If you’re looking for a healthy brown bag option, this sesame soba noodle salad is perfect to make on Sunday and eat for lunch all week long. Since my detox, I’ve been trying to make my weekdays as healthy as possible so that there’s room for all the more hedonism by Friday at 5pm, and veggie main courses like this have been helping me get there.

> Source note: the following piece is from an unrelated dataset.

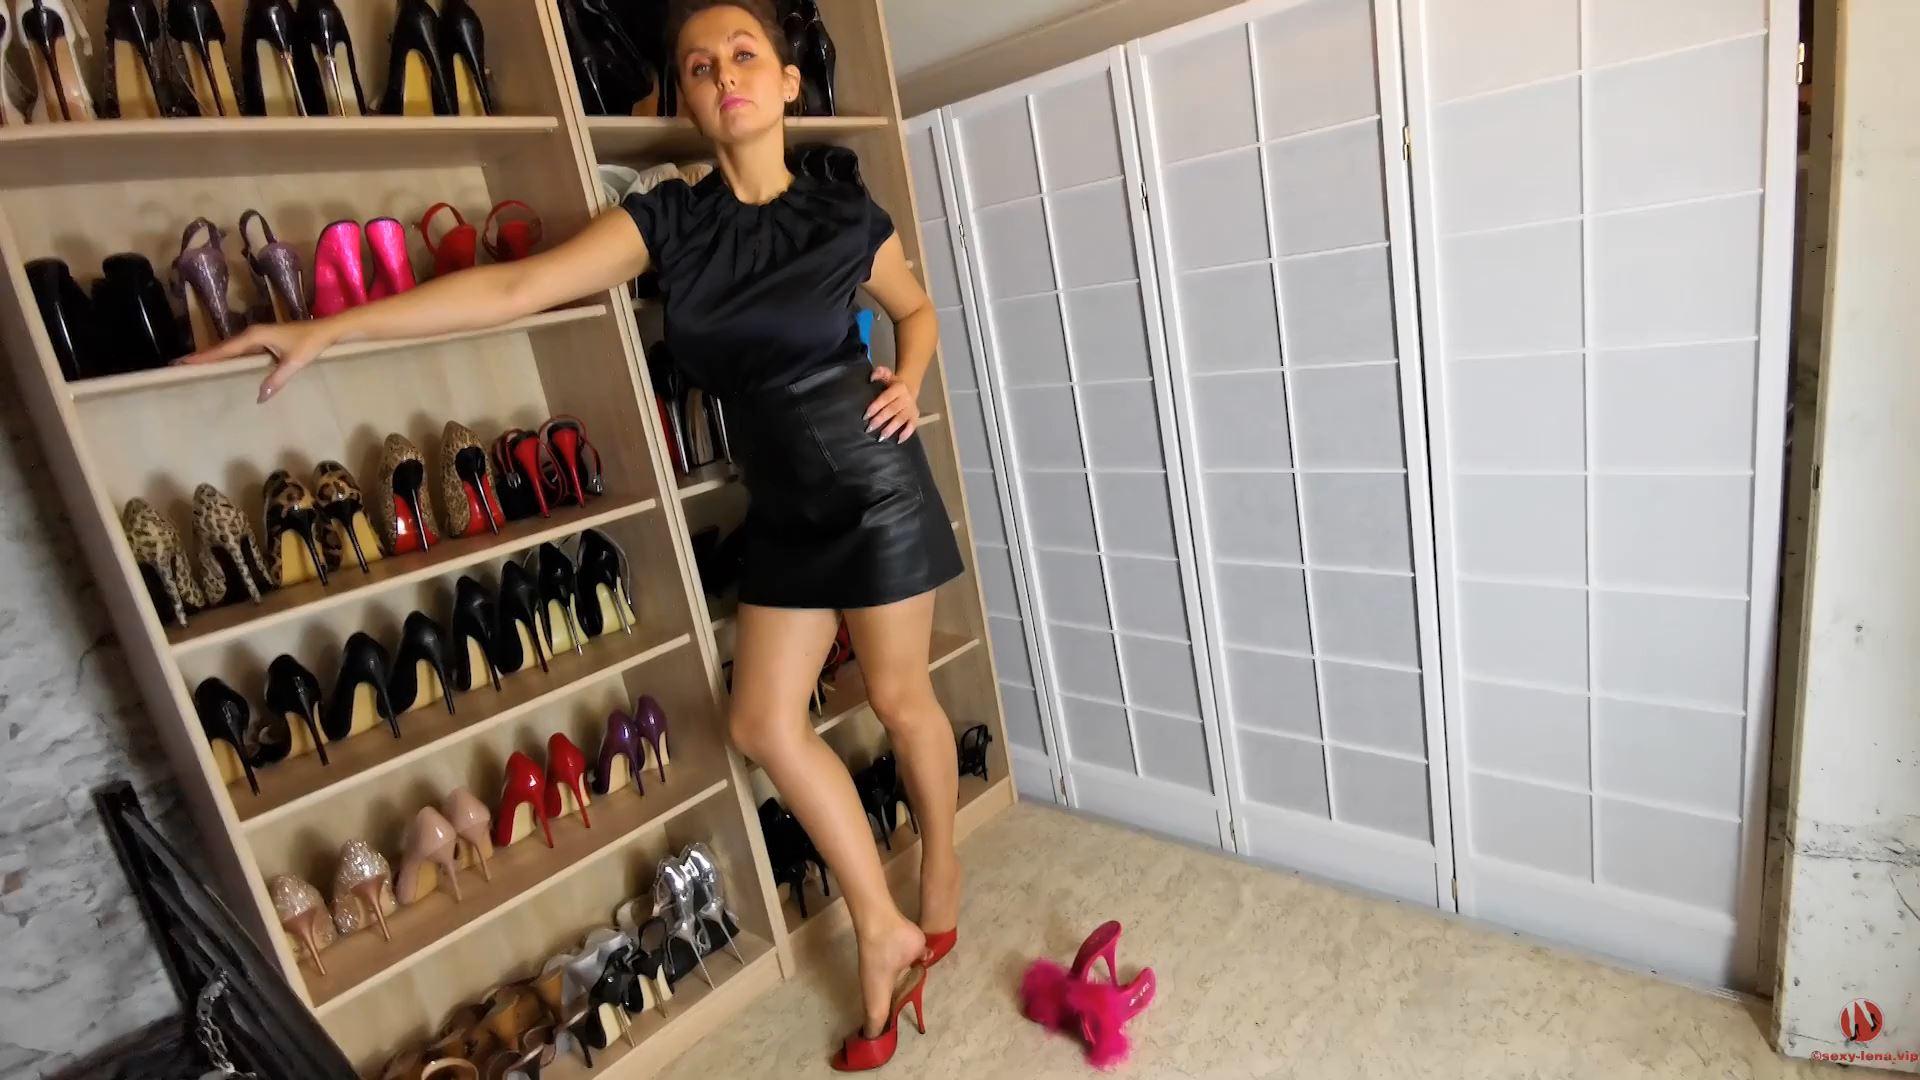 Fetish Model Lena In Scene: My Shoe Collection - SEXY LENA VIP - FULL HD/1080p/MP4

Cold Sesame Soba Noodle Salad with Cabbage Slaw
- 1/4 cup gluten-free tamari or soy sauce
- 1/4 cup rice vinegar divided
- 2 tablespoons toasted sesame oil
- 2 garlic cloves minced
- 2 tablespoons raw honey
- 1 teaspoon Sriracha
- 1/2 head Napa cabbage about 4 cups, shredded
- 1 red bell pepper seeded and thinly sliced
- 2 scallions thinly sliced
- 8 ounces gluten-free buckwheat soba noodles
- Black sesame seeds optional, for garnish
- In a large bowl, whisk together the tamari, vinegar, sesame oil, garlic, honey and sriracha. Add the cabbage, pepper and scallions; toss to combine.
- Meanwhile, bring a large pot of water to boil. Cook the soba noodles according to package directions and rinse under cold water. Add to the cabbage mixture and gently toss.
- Transfer the cold sesame soba noodle salad to a serving plate and garnish with sesame seeds, if using.